# [Data block]

______

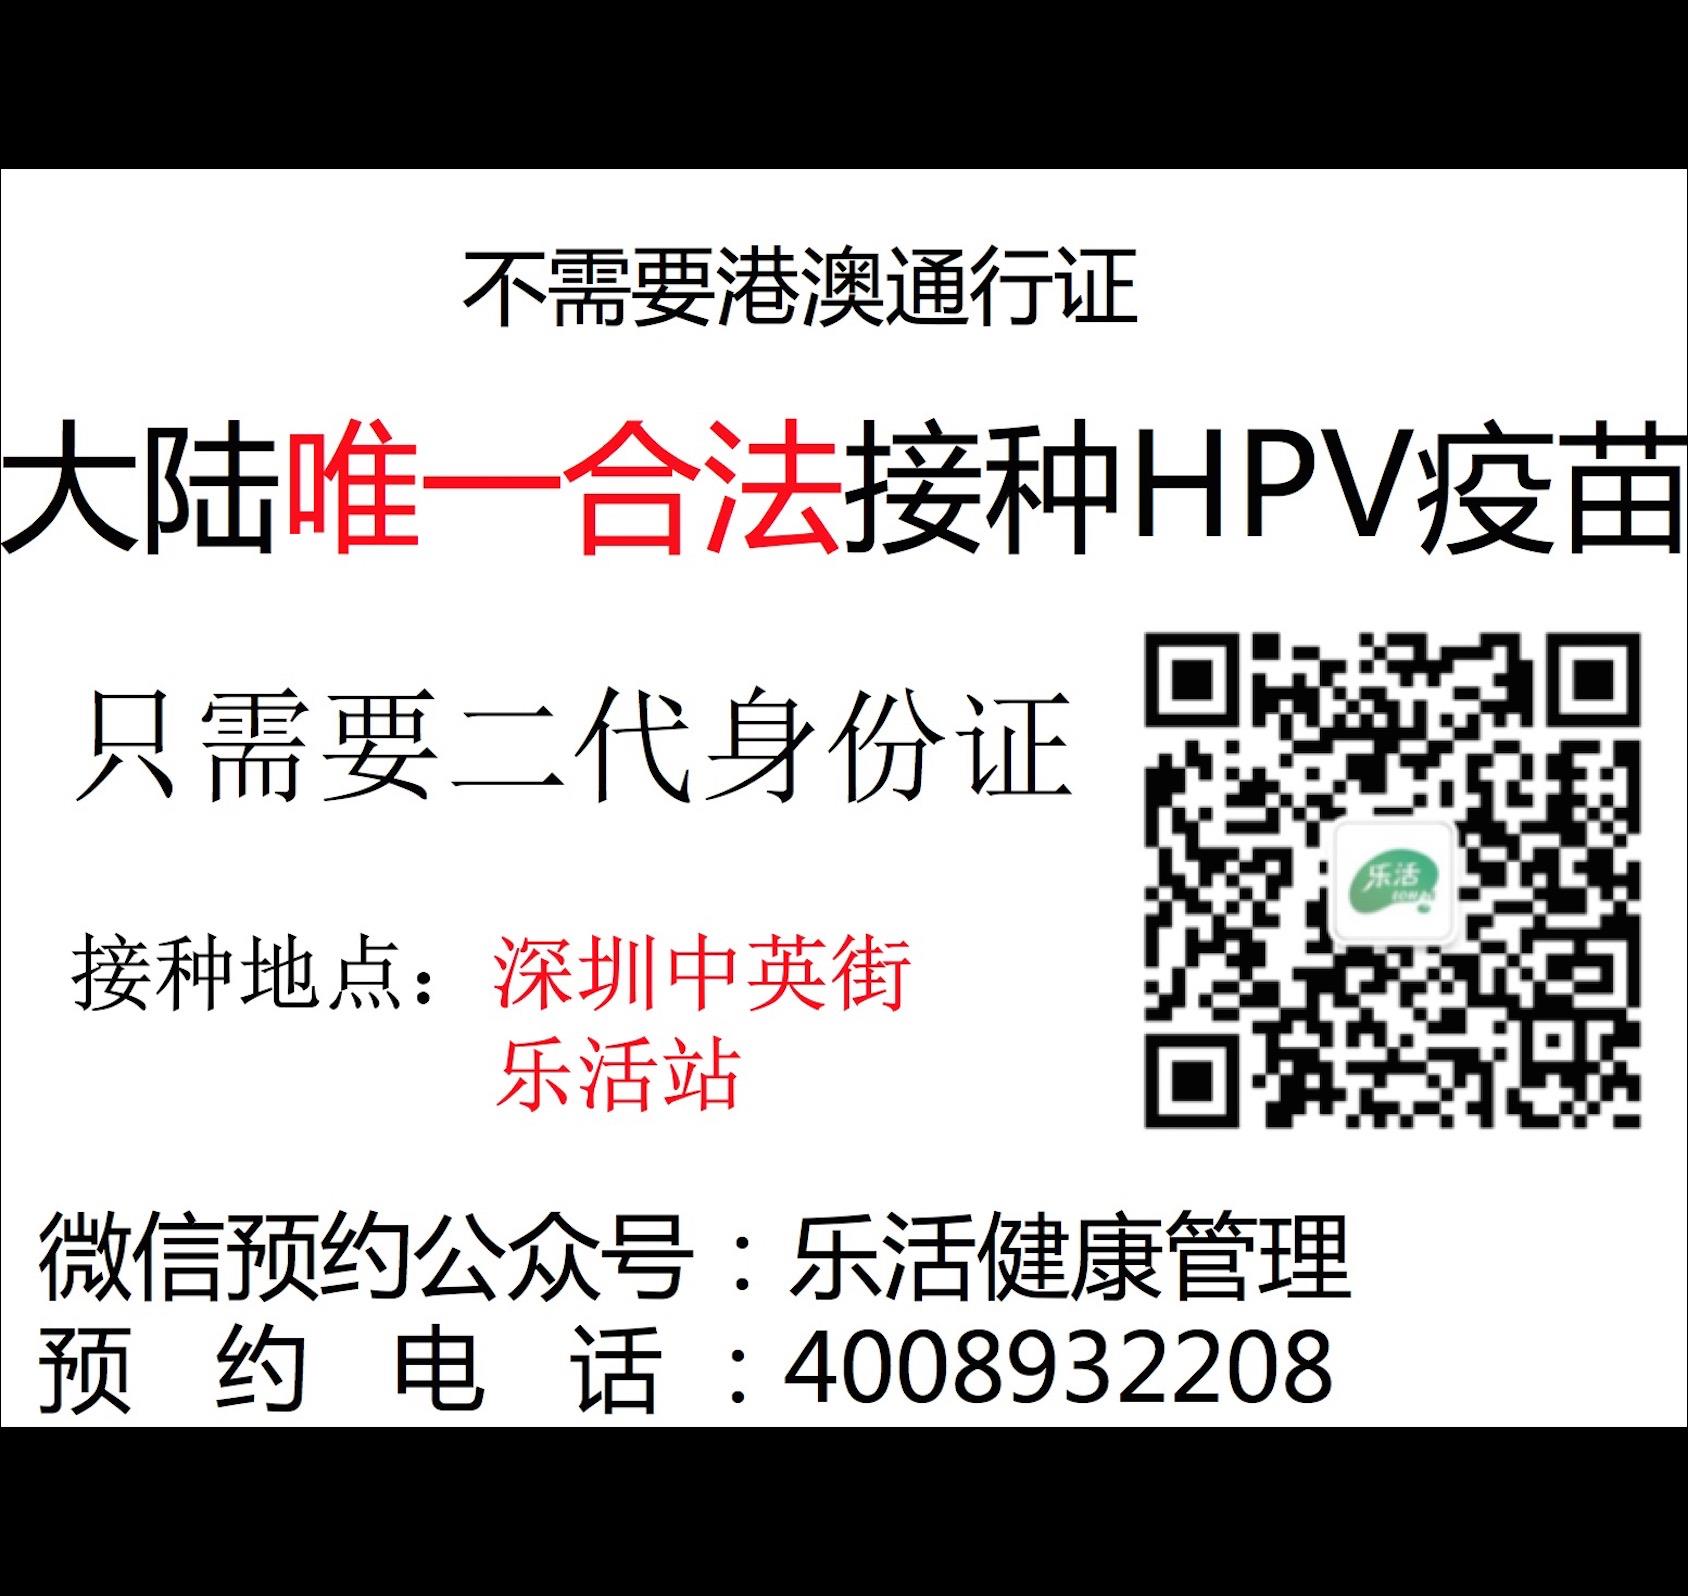 大陆HPV合作 大陆HPV代理加盟 正规HPV平台
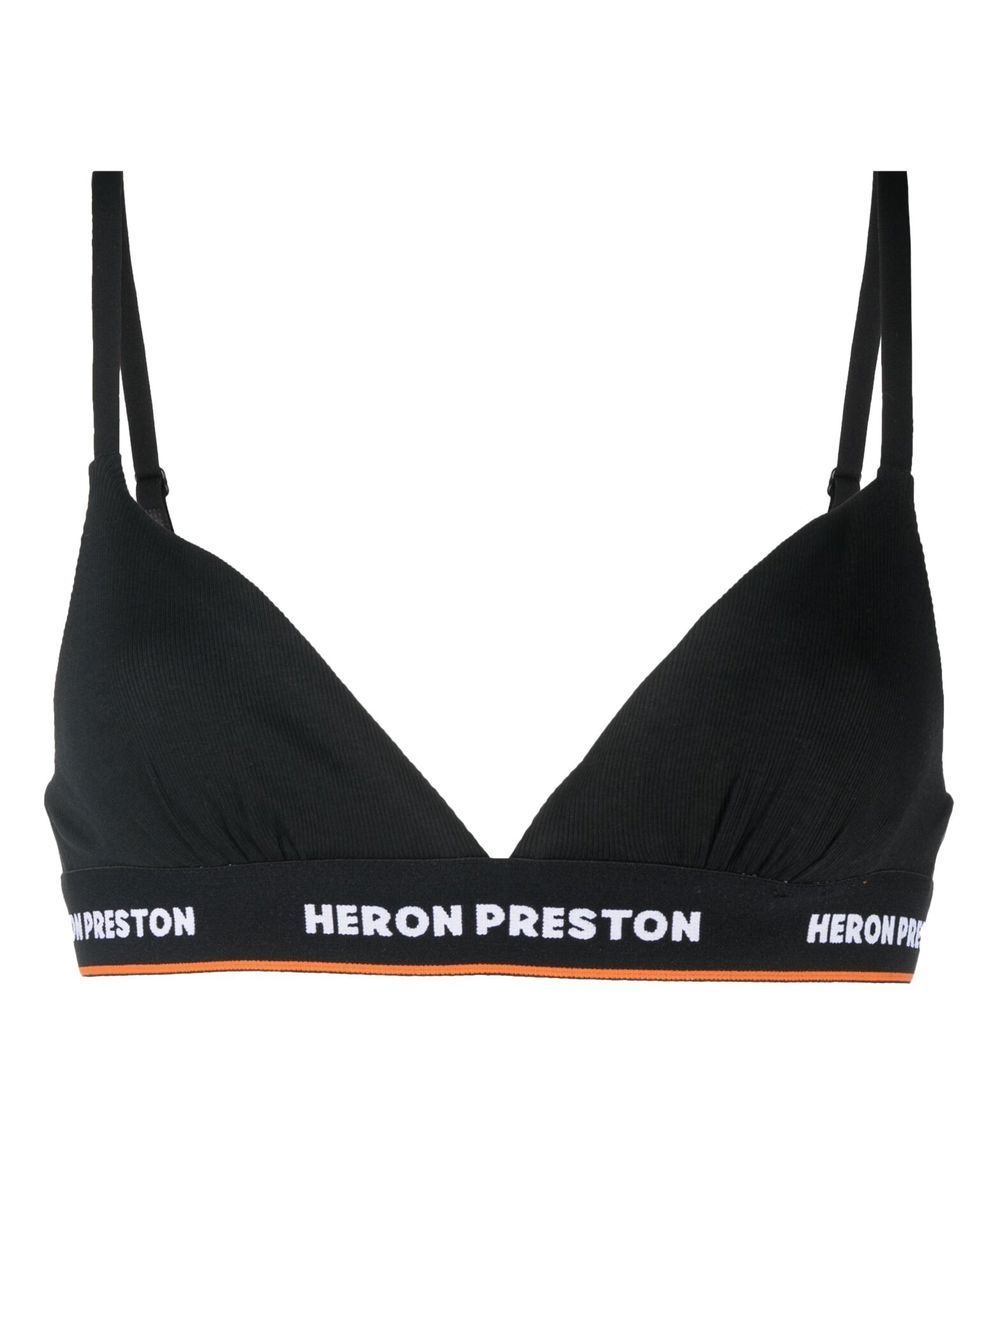 HERON PRESTON HERON PRESTON- Logo Triangle Bra
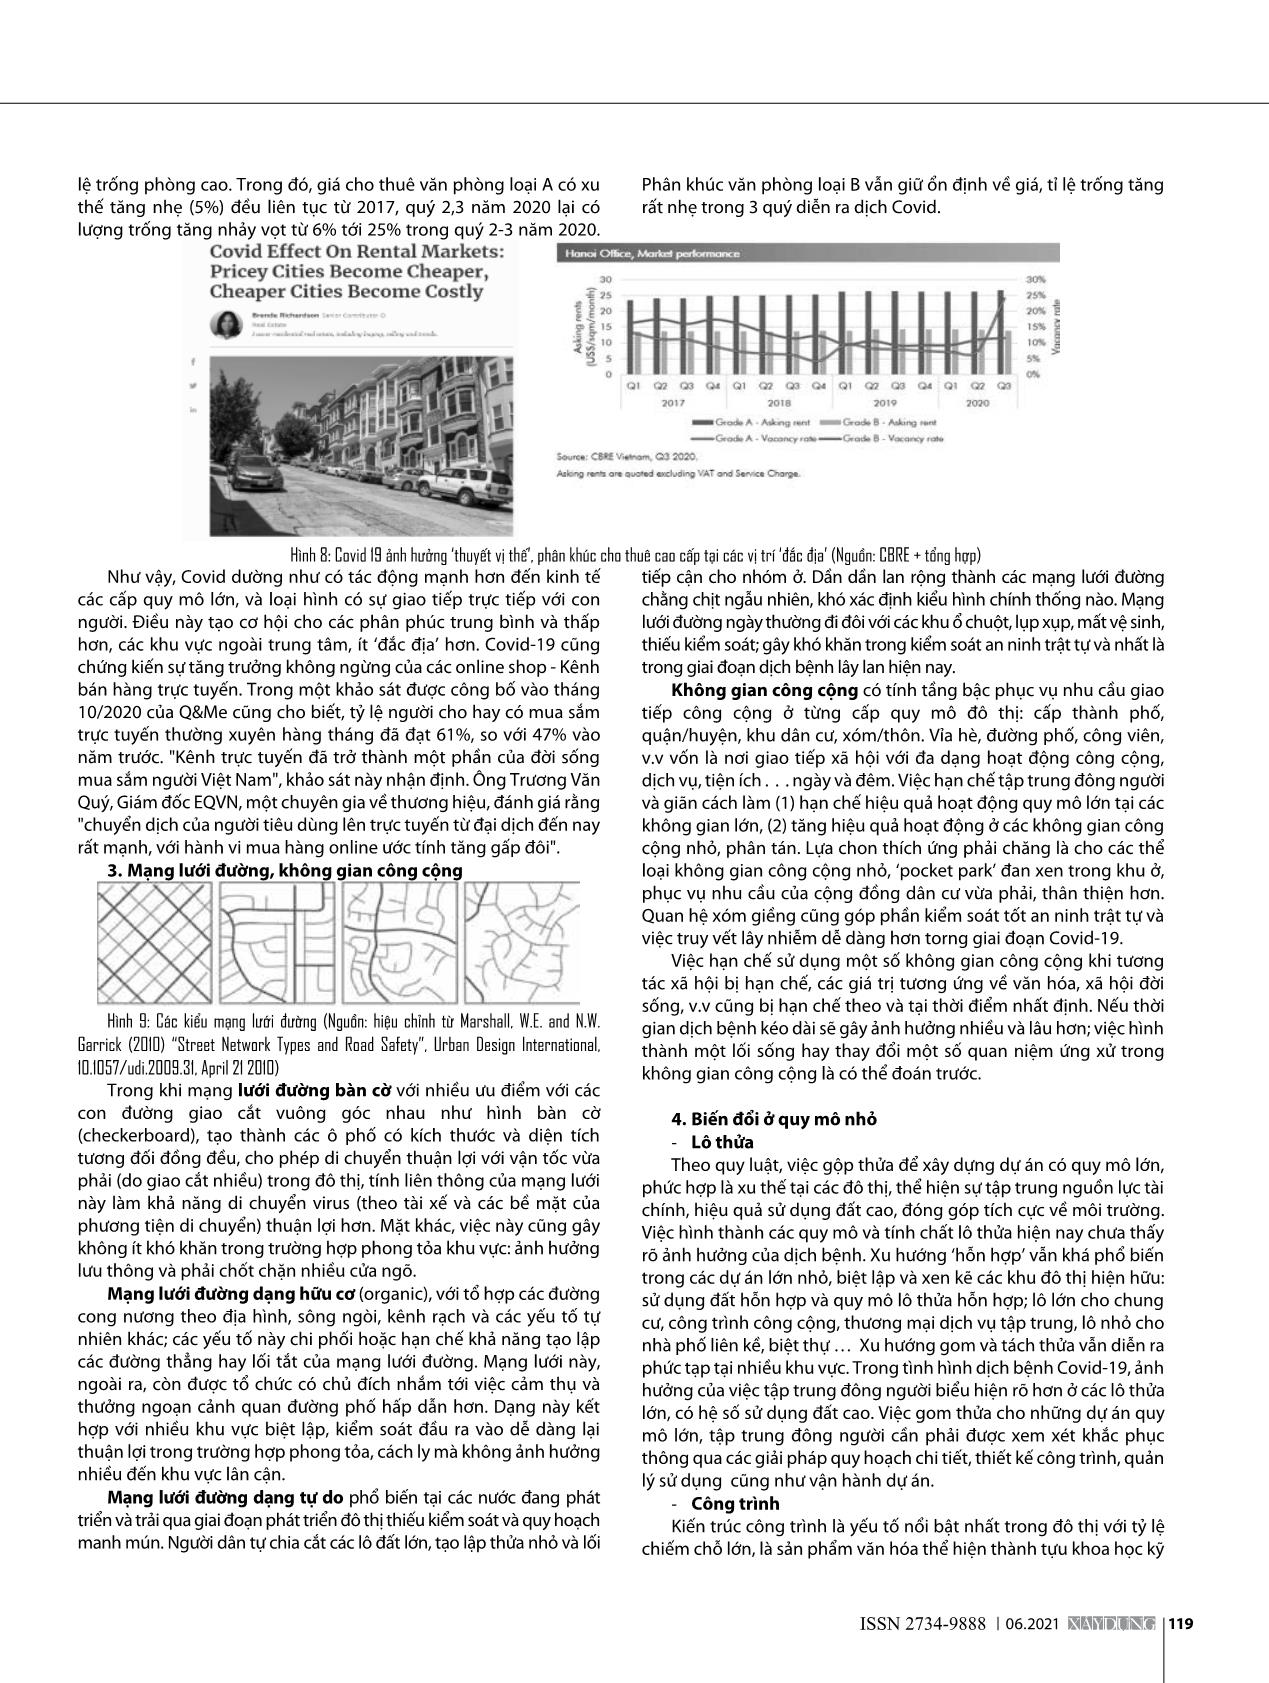 Sự biến đổi đô thị trong giai đoạn Covid-19 trang 4
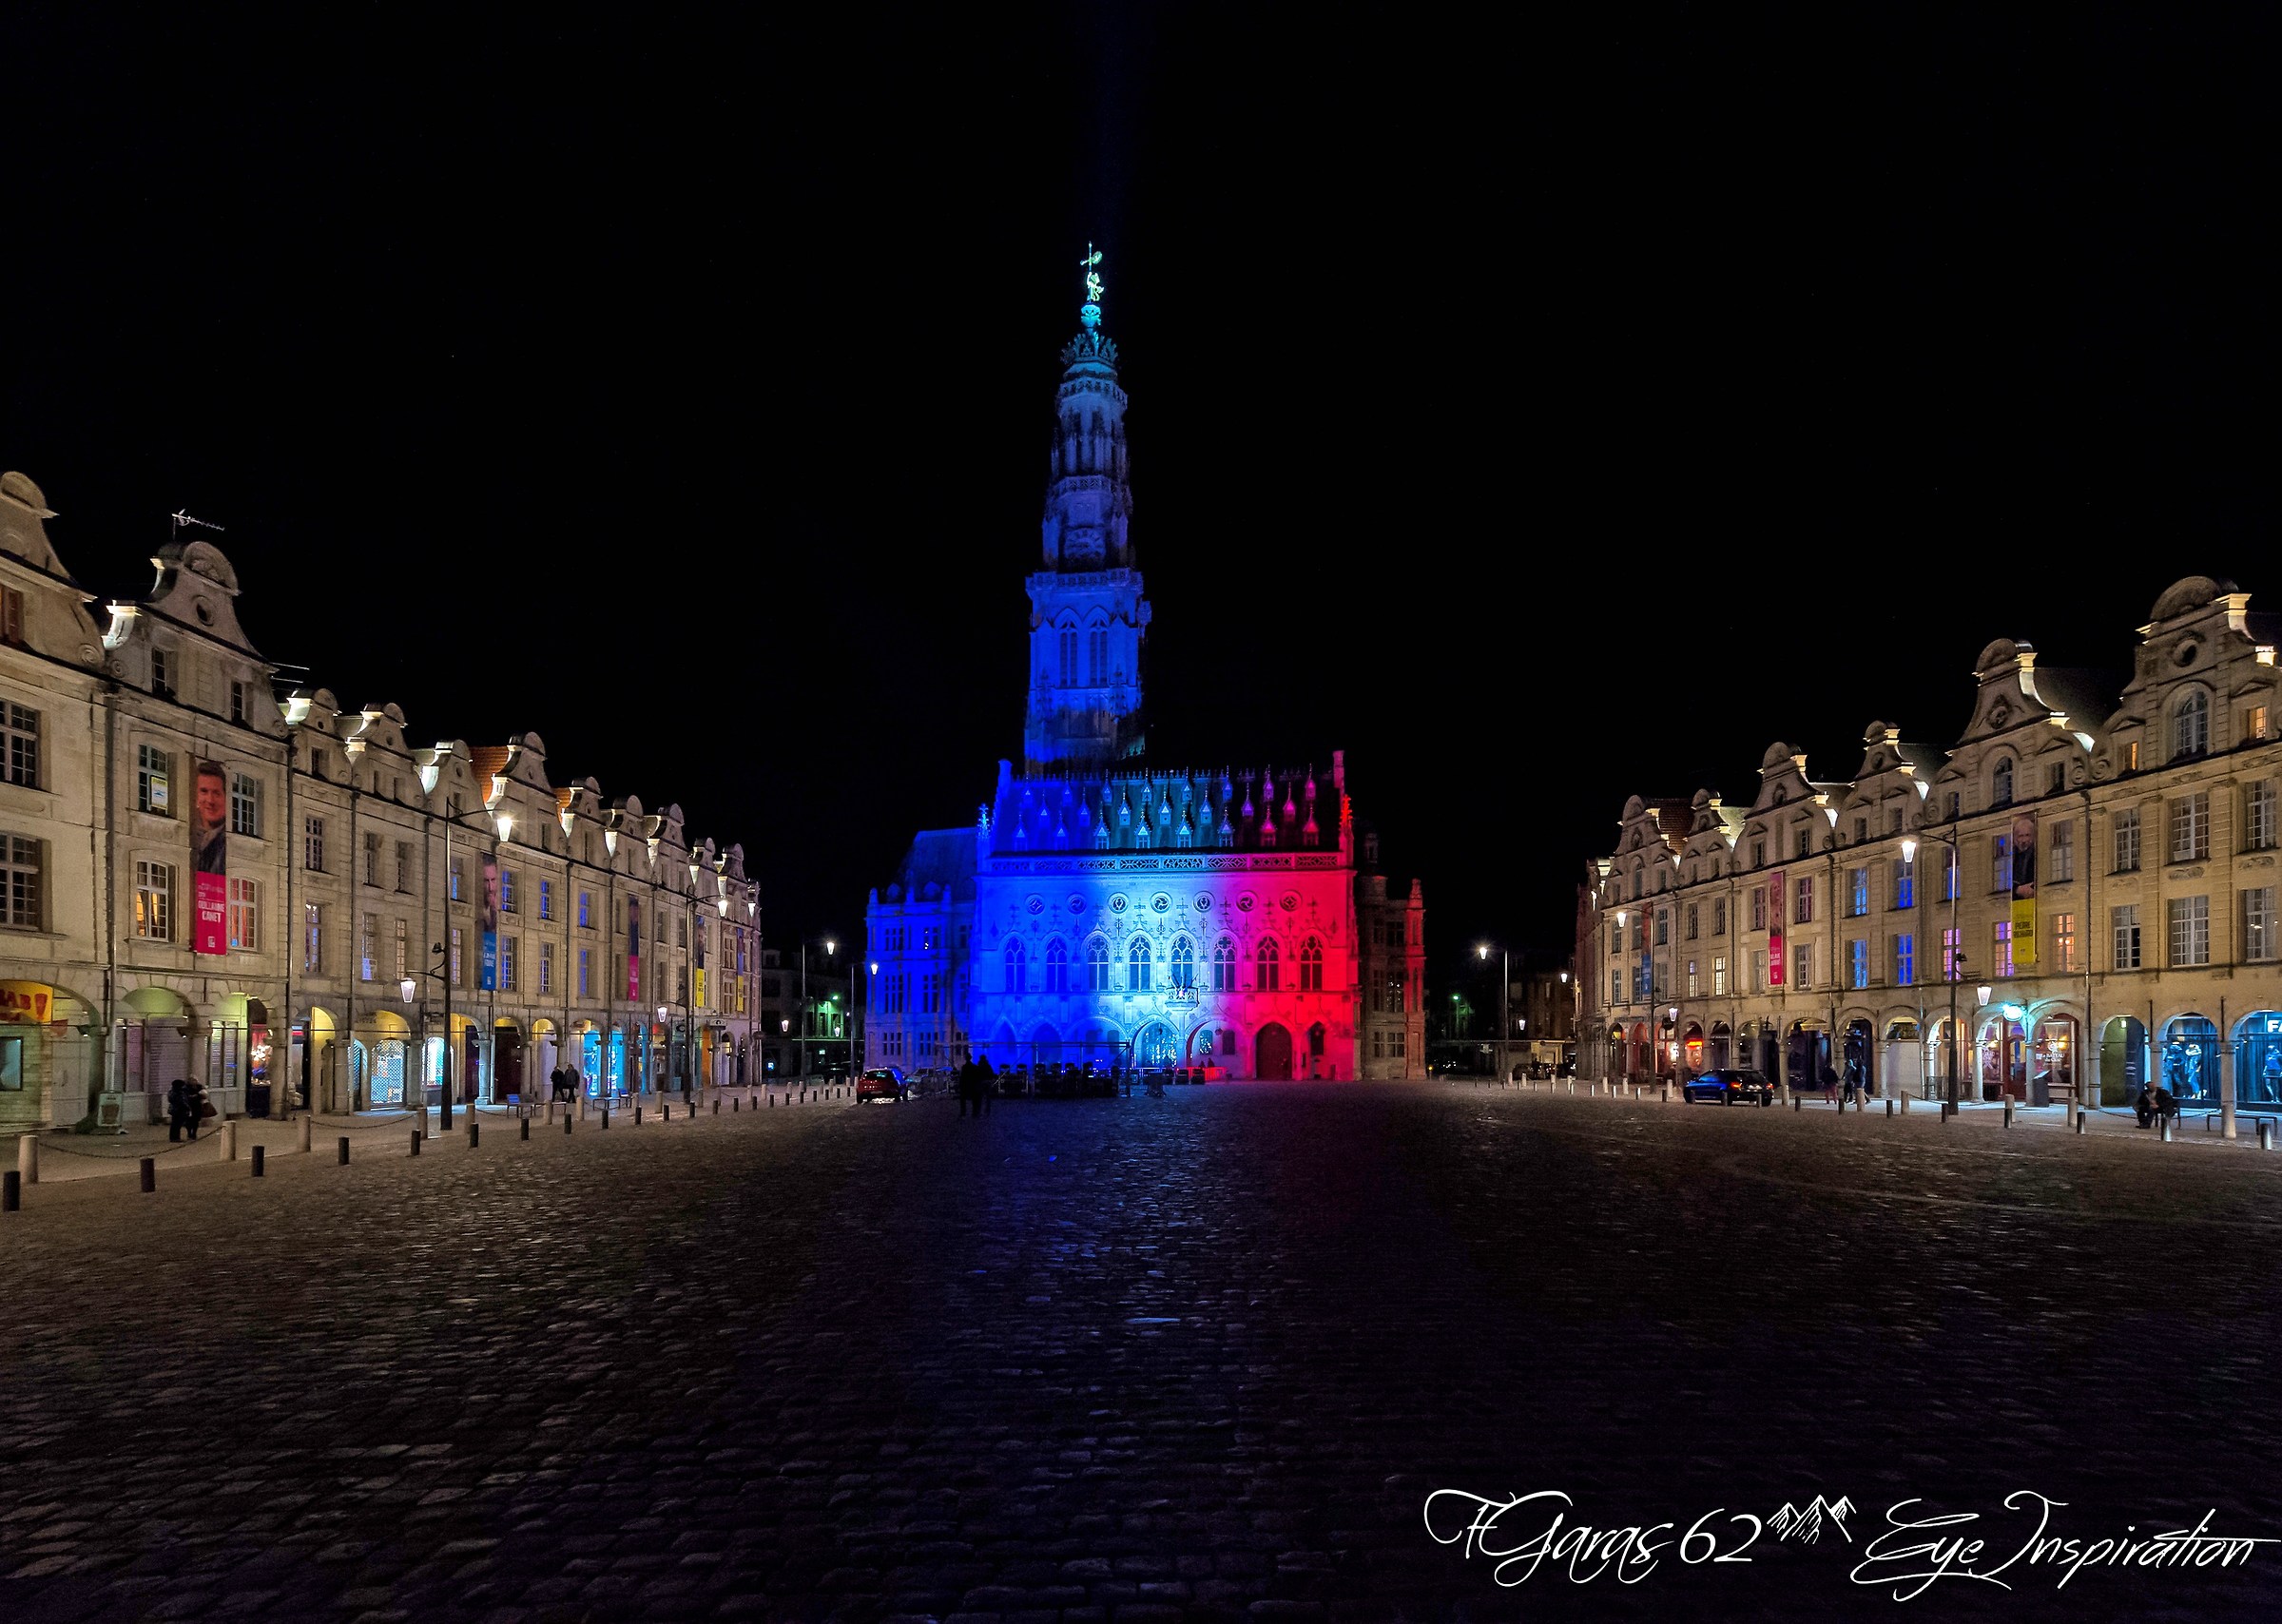 Arras rend hommage aux victimes des attentats de paris...

______

# [Task prompt]
Leave out every picture and copy verbatim the lines running from the line containing "Sự biến đổi" through the final line of the data.

# [Answer section]
 Sự biến đổi đô thị trong giai đoạn Covid-19 trang 4
 Arras rend hommage aux victimes des attentats de paris...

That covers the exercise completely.